根据用户请求调用天气查询工具，返回指定地点的天气信息。

准确调用工具并返回结果。

🚀 Llama-xLAM-2-8b-fc-r GGUF模型

Llama-xLAM-2-8b-fc-r GGUF模型是基于特定技术生成的语言模型，在多轮对话和函数调用等任务中表现出色。该模型经过精细训练和优化，适用于研究和实验，能够为相关领域的研究人员提供有力支持。

🚀 快速开始

本模型可用于多轮对话和函数调用等任务，以下是使用前的准备和基本使用步骤：

确保安装所需的框架版本，如Transformers 4.46.1（或更高版本）、PyTorch 2.5.1+cu124（或更高版本）等。
按照使用示例中的代码，使用Huggingface Chat Template或vLLM进行推理。

✨ 主要特性

多轮对话能力：能够在多轮对话场景中保持连贯的交互，准确理解用户意图并提供合适的回复。
函数调用优化：经过微调，在函数调用任务中表现出色，可根据用户需求调用特定工具完成任务。
高精度量化：采用新的量化方法，提升关键层的精度，尽管会增加模型文件大小，但显著提高了给定量化级别的精度。
广泛兼容性：与vLLM和基于Transformers的推理框架完全兼容，方便在不同环境中使用。

📦 安装指南

框架安装

Transformers 4.46.1（或更高版本）
PyTorch 2.5.1+cu124（或更高版本）
Datasets 3.1.0（或更高版本）
Tokenizers 0.20.3（或更高版本）

安装命令可根据各框架的官方文档进行，例如使用pip安装特定版本的Transformers：

pip install transformers>=4.46.1

💻 使用示例

基础用法

使用Huggingface Chat Template与模型进行交互：

import torch
from transformers import AutoModelForCausalLM, AutoTokenizer

tokenizer = AutoTokenizer.from_pretrained("Salesforce/Llama-xLAM-2-3b-fc-r")
model = AutoModelForCausalLM.from_pretrained("Salesforce/Llama-xLAM-2-3b-fc-r", torch_dtype=torch.bfloat16, device_map="auto")

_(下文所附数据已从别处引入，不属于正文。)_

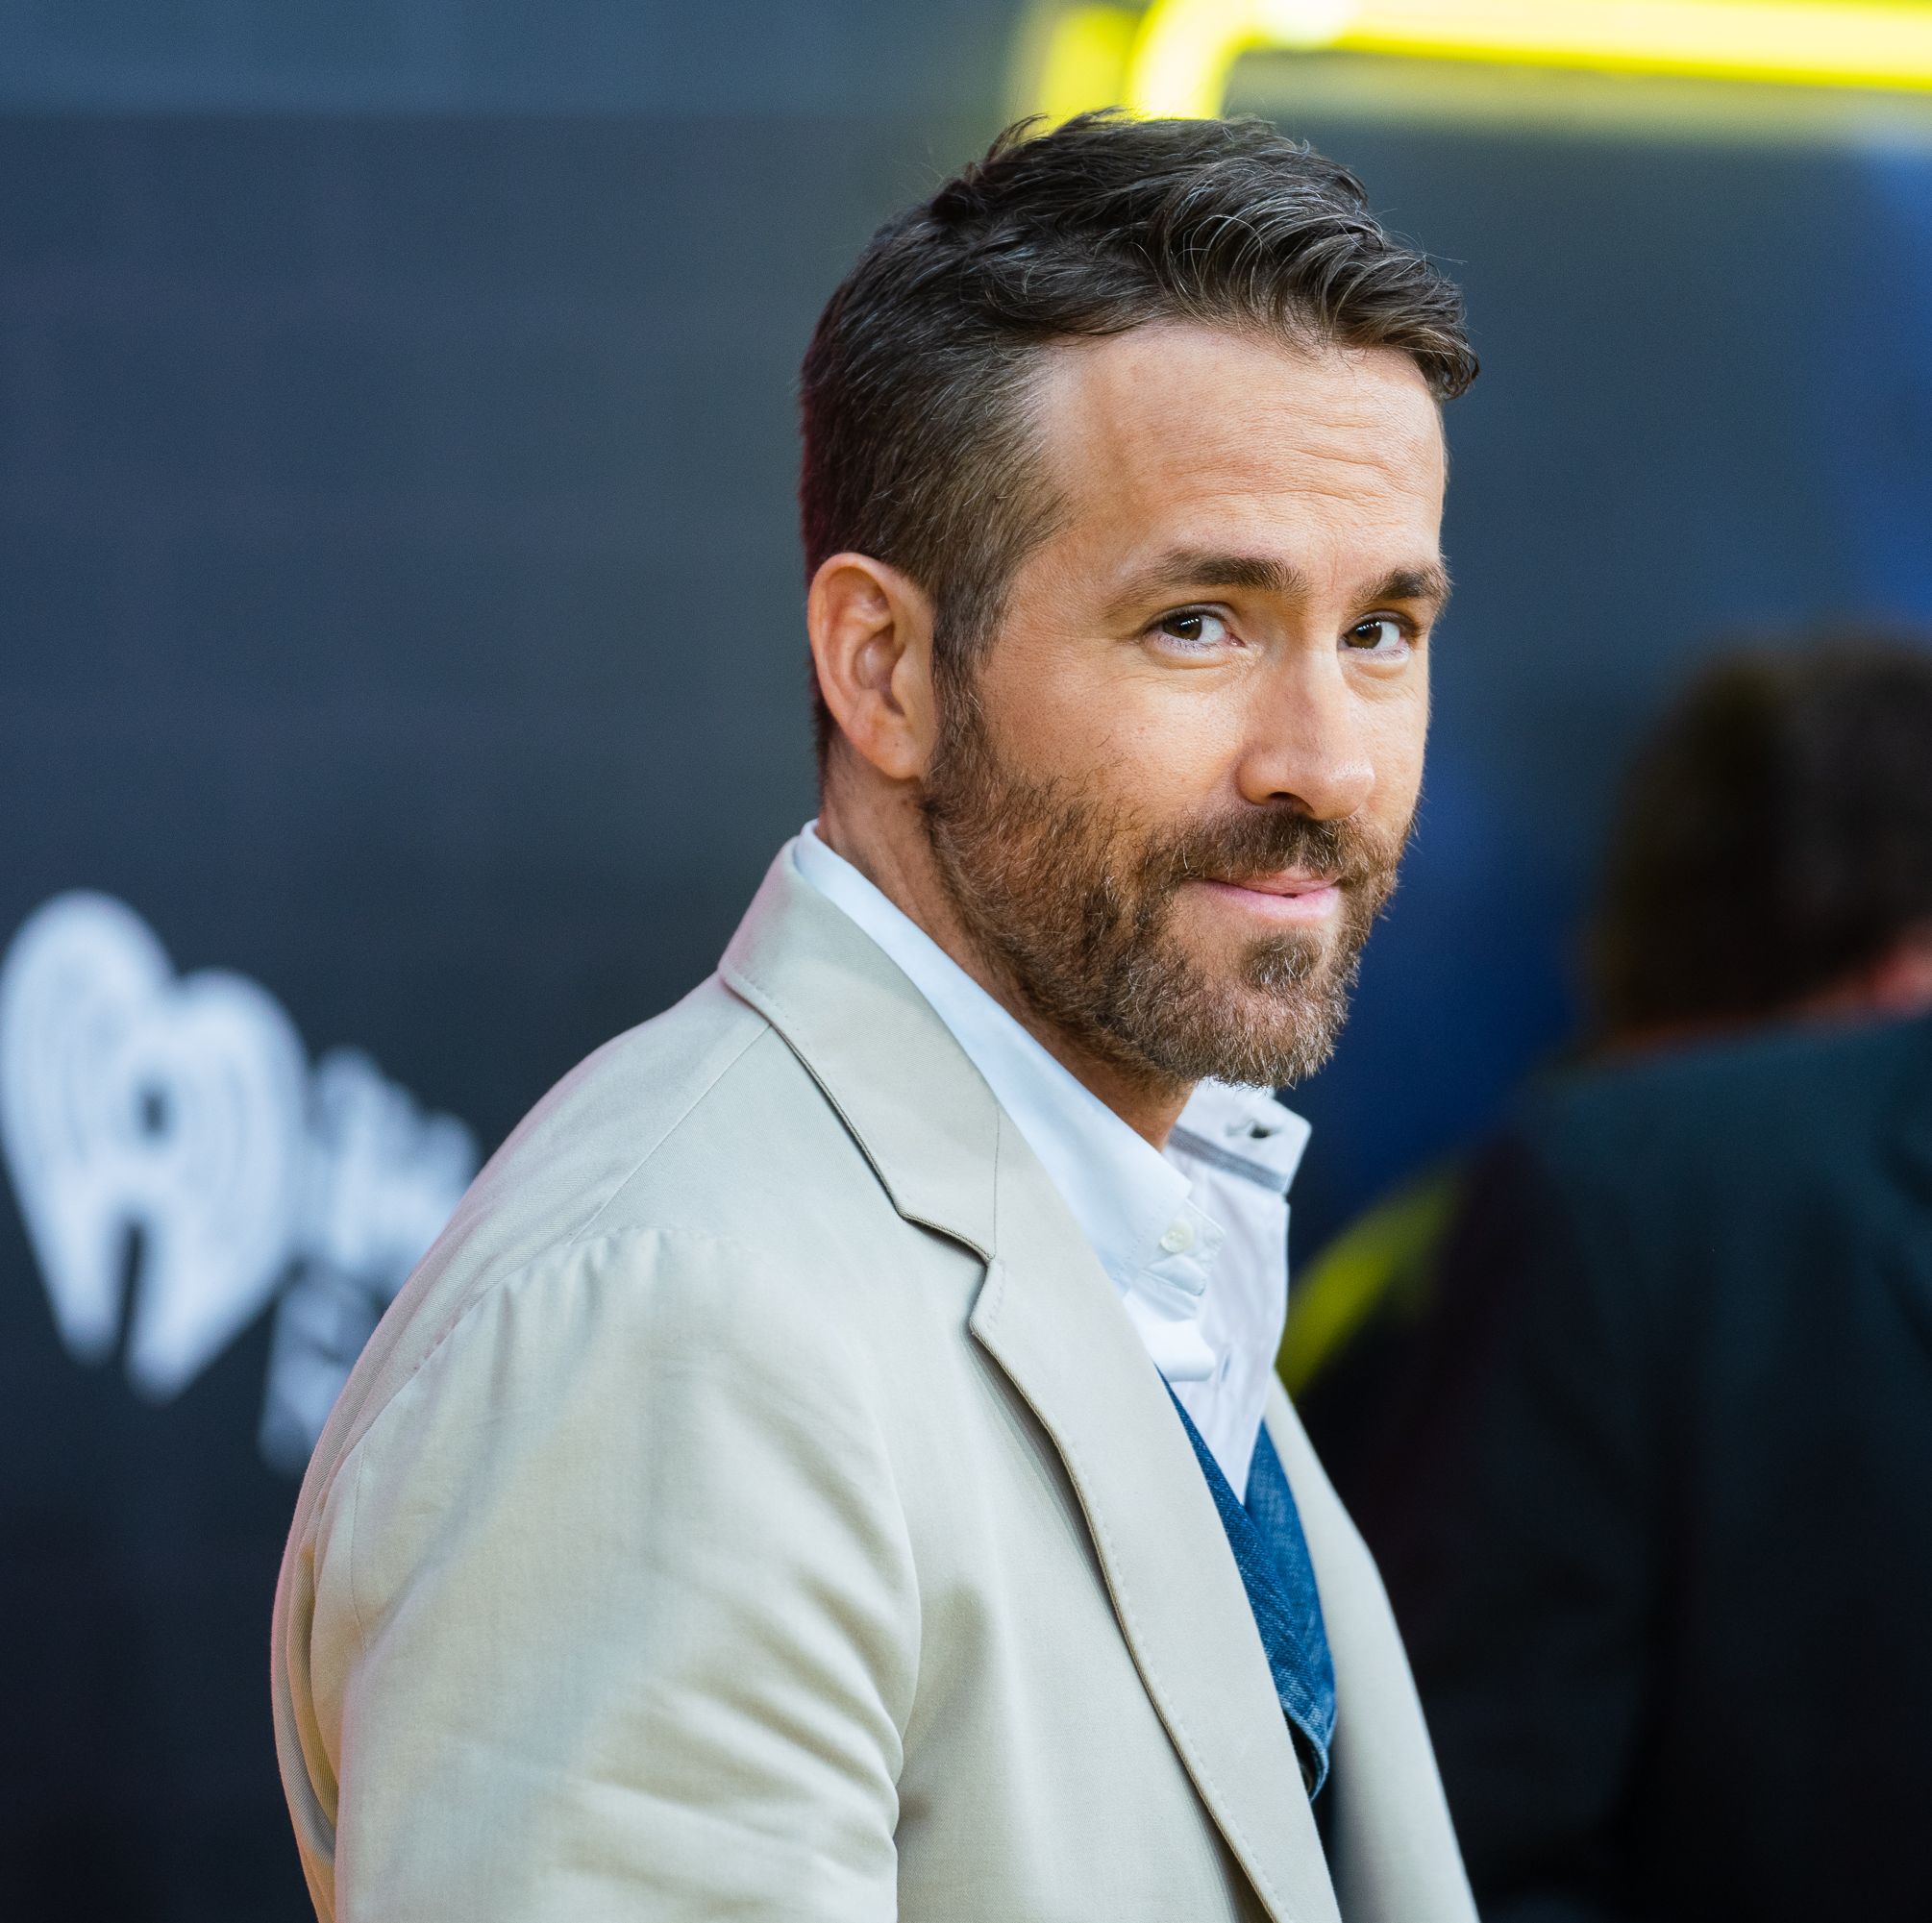 How Ryan Reynolds relates to weird Free Guy character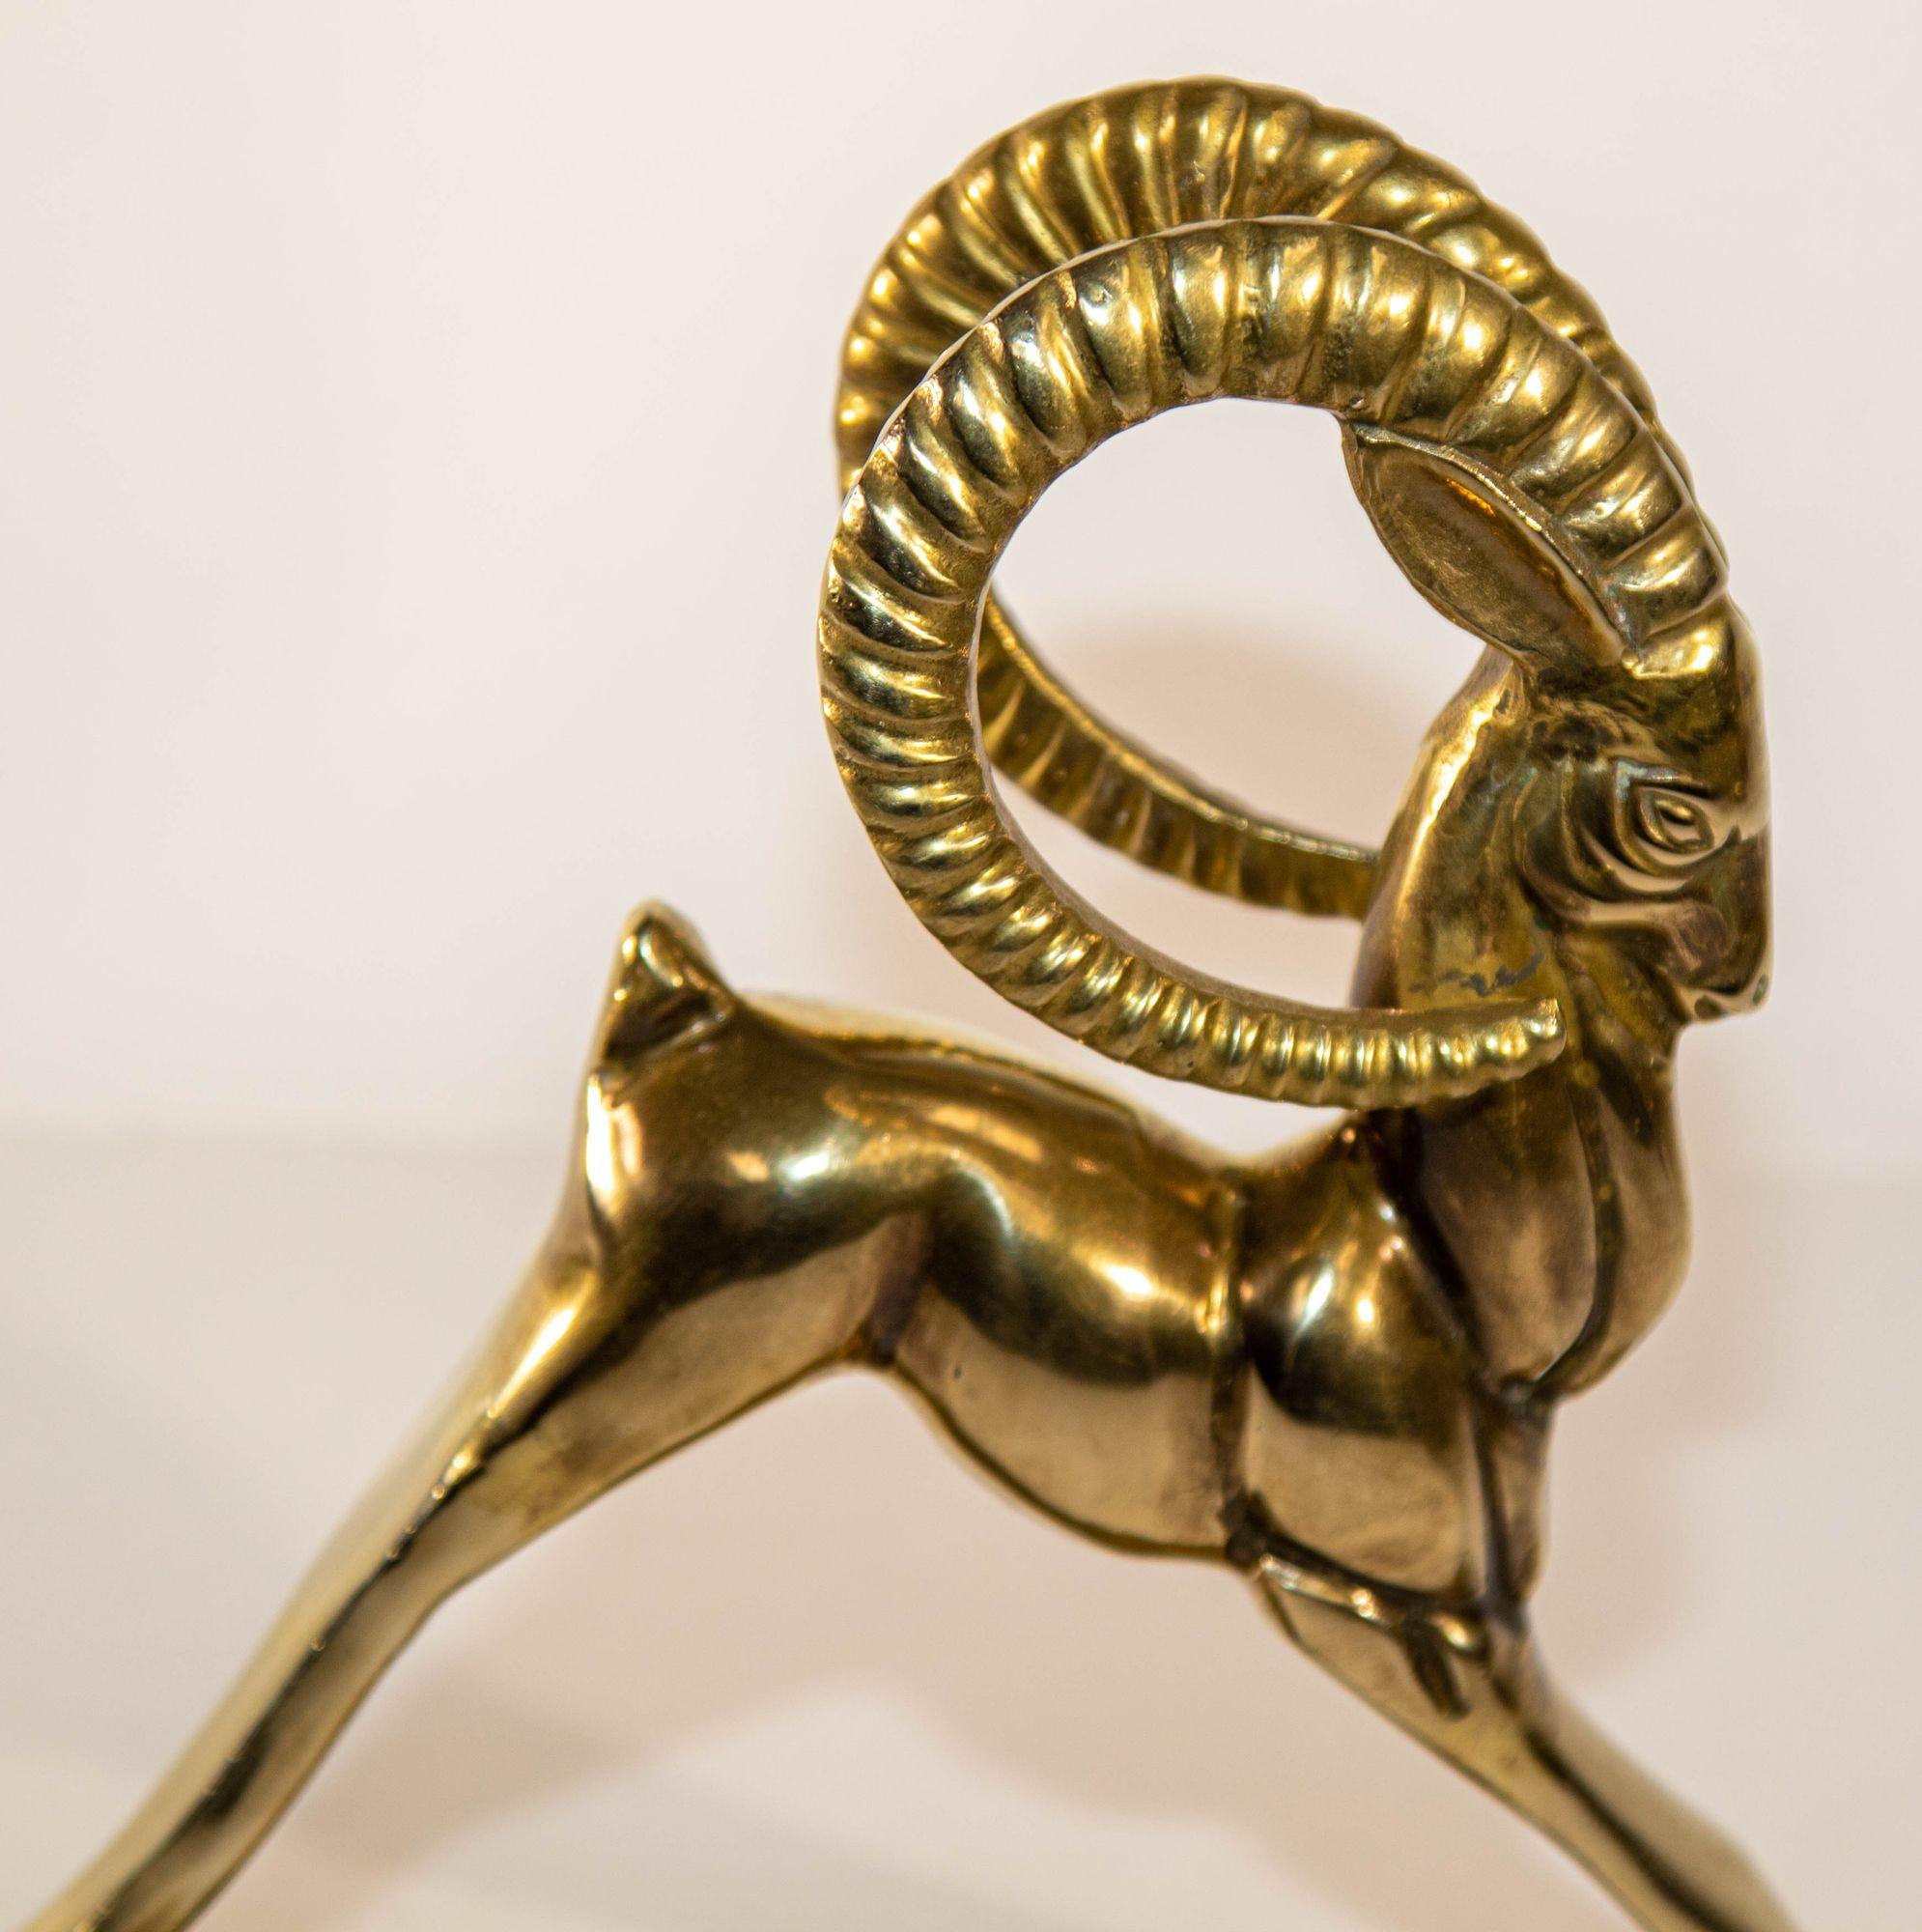 Vintage French Art Deco Style Sculpture of Brass Ibex Antelope For Sale 7

# Example conversation with a tool call
messages = [
    {"role": "user", "content": "Hi, how are you?"},
    {"role": "assistant", "content": "Thanks. I am doing well. How can I help you?"},
    {"role": "user", "content": "What's the weather like in London?"},
]

tools = [
    {
        "name": "get_weather",
        "description": "Get the current weather for a location",
        "parameters": {
            "type": "object",
            "properties": {
                "location": {"type": "string", "description": "The city and state, e.g. San Francisco, CA"},
                "unit": {"type": "string", "enum": ["celsius", "fahrenheit"], "description": "The unit of temperature to return"}
            },
            "required": ["location"]
        }
    }
]

print("====== prompt after applying chat template ======")
print(tokenizer.apply_chat_template(messages, tools=tools, add_generation_prompt=True, tokenize=False))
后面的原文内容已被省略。